Transporting - a developing schema

It is our responsibility as educators to expose children to a wide variety of experiences. We at Glen Leven believe in encouraging this practice by providing many loose parts inside and out. As adults, we can learn as much as our children when build a community of support around them. A common phrase you will hear at our preschool from our children is “to work it out”.

One example we observed of “working it out” was Grey’s solution of transporting water to the dirt pile to make mud. He had taken many trips from the mud kitchen to the dirt pile with a small cup in an effort to make a “mud river”. As he grew weary with little result from his huge investment of effort, he began his search to find a more efficient process. Transporting teaches many skills such as spatial awareness, eye-hand coordination, balance, empowerment and belonging.

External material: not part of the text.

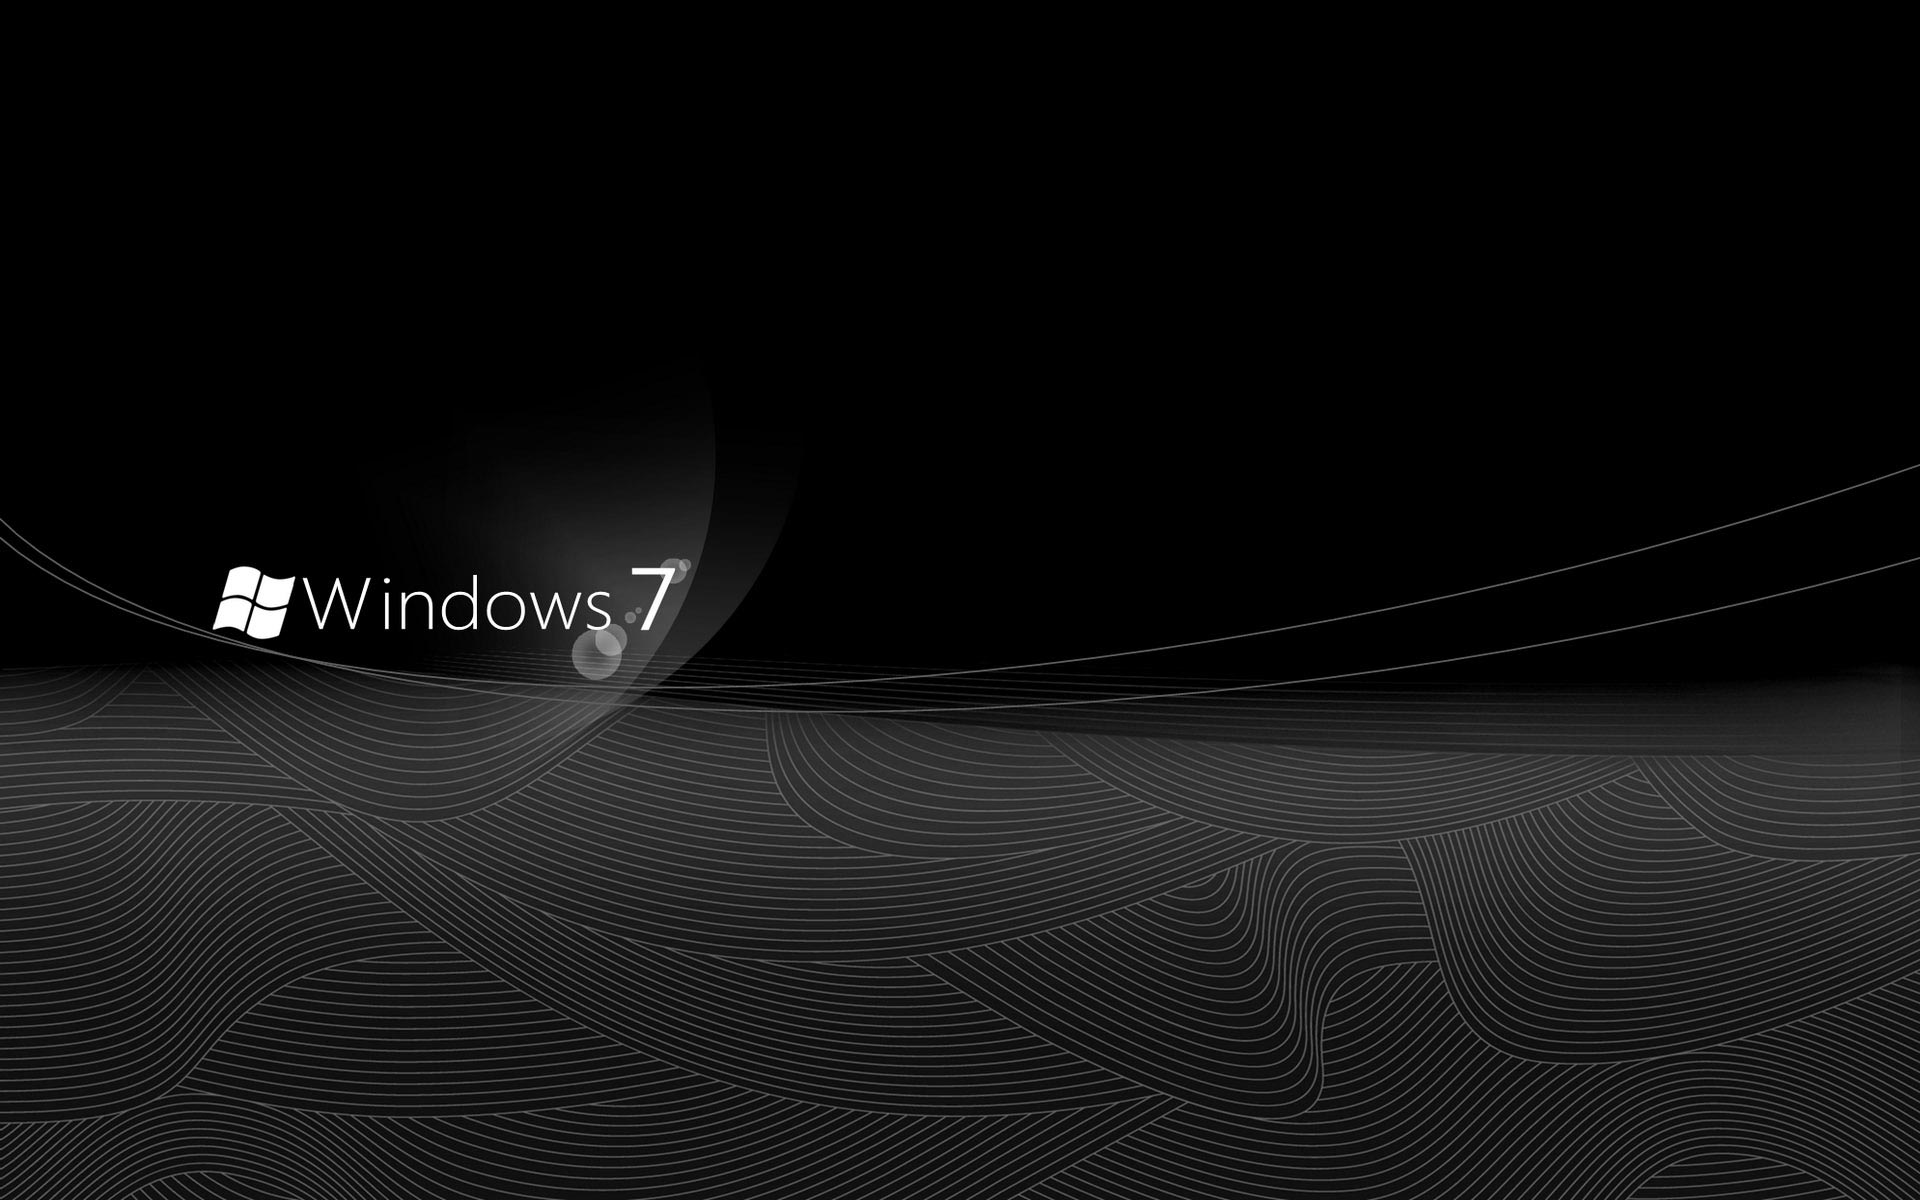 Download windows seven black 1024x768 wallpaper 1771 - Windows 7 Elegant Black Desktop Wallpaper And Make This Wallpaper For

Grey’s intent was a scientific approach as he was determined to transport a large amount of water to the dirt pile. His first challenge was getting the water into the wheelbarrow, which he discovered by rolling it under the sink accidentally. He began to tug to remove it and it appeared as a light bulb came on for him as he began filling the wheelbarrow up with water! His next obstacle was removing the water-filled wheelbarrow from under the sink.

His first attempt resulted in spilling his precious load. He did not falter and shoved it back under the sink. This time he carefully tilted the front of the wheelbarrow, only spilling a small amount. The result of his determination built his image of himself as being a competent problem solver. He arrived at the dirt pile a hero to all those longing to enjoy the “dirt river”!